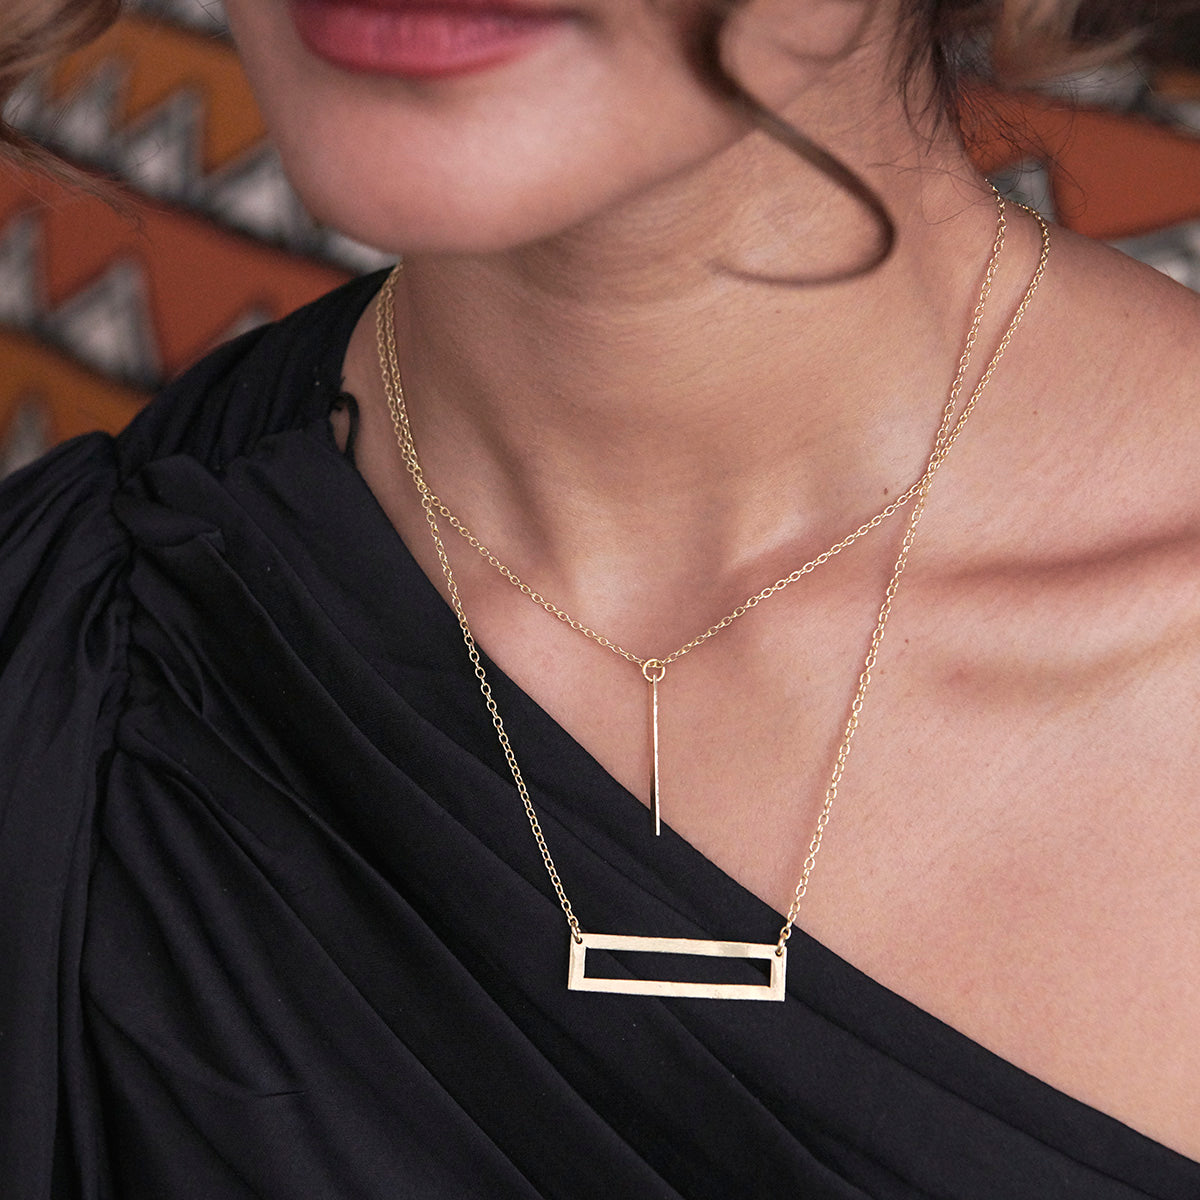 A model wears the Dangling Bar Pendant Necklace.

---

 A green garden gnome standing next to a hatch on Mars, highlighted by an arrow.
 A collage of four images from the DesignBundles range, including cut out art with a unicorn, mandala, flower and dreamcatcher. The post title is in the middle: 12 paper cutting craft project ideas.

---

**Requirement:** Your answer should be the lines above from the one containing "A green garden" through the one containing "A collage of", copied exactly and with both ends kept.

**Worked solution:**
 A green garden gnome standing next to a hatch on Mars, highlighted by an arrow.
 A collage of four images from the DesignBundles range, including cut out art with a unicorn, mandala, flower and dreamcatcher. The post title is in the middle: 12 paper cutting craft project ideas.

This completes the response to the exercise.